7 minutos de lectura
Como evoluciono el cerebro comiendo carne

Si uno hurga en los rincones crudiveganos de Internet durante el tiempo suficiente, es casi seguro que se encontrará con la idea de que los humanos no están diseñados evolutivamente para comer carne. La teoría es que, dado que los humanos y otros primates evolucionaron a partir de un ancestro común, los humanos, al igual que otros primates, están diseñados principalmente para comer plantas.

Bueno, en primer lugar, otros primates sí comen carne, y bastante. Pero lo más importante es que, independientemente de lo que ocurra con los simios o los chimpancés, hay una cantidad abrumadora de pruebas de que los humanos evolucionaron como omnívoros, animales que comen tanto carne como plantas. (Si quiere saber más sobre por qué no estamos “diseñados” evolutivamente para ser veganos, vaya aquí). Y la carne fue importante para hacernos humanos en primer lugar, especialmente para nuestros enormes cerebros chupadores de calorías.

El cerebro de un humano moderno necesita alrededor del 20% de la ingesta de calorías de esa persona, y también exige todo tipo de nutrientes, desde grasas Omega-3 hasta vitaminas B. Sencillamente, no podríamos haber desarrollado un órgano tan exigente sin que la carne nos proporcionara calorías y nutrientes importantes.

Un par de estudios recientes han analizado la forma en que la carne contribuyó a la evolución del cerebro humano, así que es un buen momento para echar un vistazo. ¿Cómo evolucionamos como omnívoros y cómo contribuyó la carne a nuestro desarrollo evolutivo, especialmente a esos cerebros devoradores de calorías? Y hoy, cuando es más que posible obtener muchas calorías sólo de los alimentos vegetales, ¿seguimos necesitando la carne para sobrevivir?
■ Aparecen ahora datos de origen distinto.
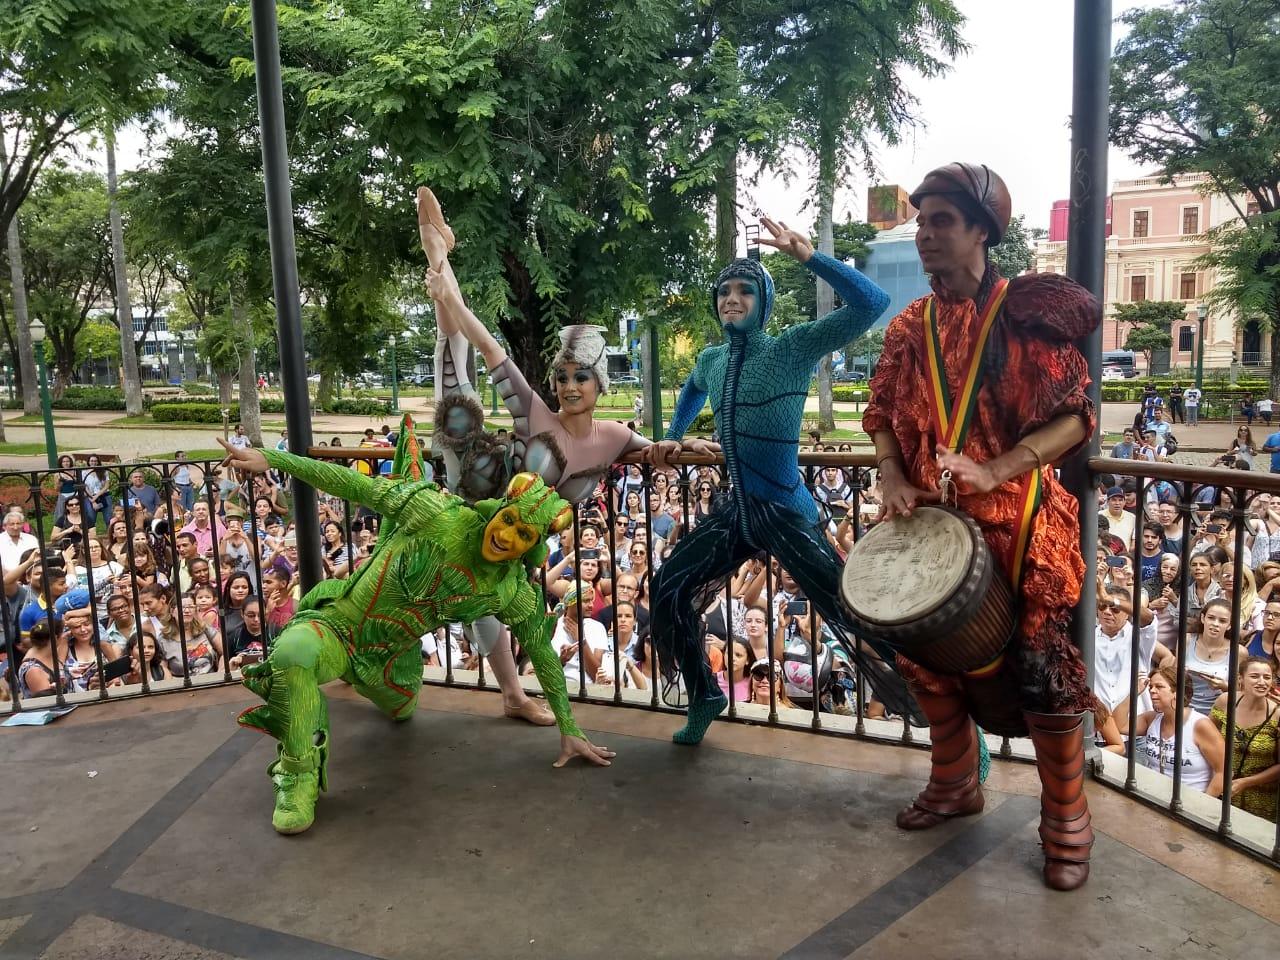 Apresentação de artistas do Cirque du Soleil na Praça da Liberdade

La carne y la evolución humana

Desde hace unos 6 millones de años hasta hace 2 millones de años, los antepasados de los humanos modernos tenían cerebros bastante pequeños. Durante unos 4 millones de años, nuestros cerebros eran básicamente los mismos, y bastante poco impresionantes para los estándares modernos.

Pero entonces empezamos a comer carne. Los antepasados de los humanos modernos empezaron a comer carne hace unos 2,5 millones (2.500.000.000) de años (como referencia, la Revolución Agrícola, cuando empezamos a comer cereales como alimento básico, fue hace sólo unos 10.000 años). Con la introducción de la carne en nuestra dieta, el cerebro de nuestros antepasados empezó a aumentar rápidamente de tamaño y complejidad. Esto permitió que los primeros homínidos se convirtieran en los humanos modernos, con la capacidad cerebral para hacer cosas como crear ordenadores y volar a la luna.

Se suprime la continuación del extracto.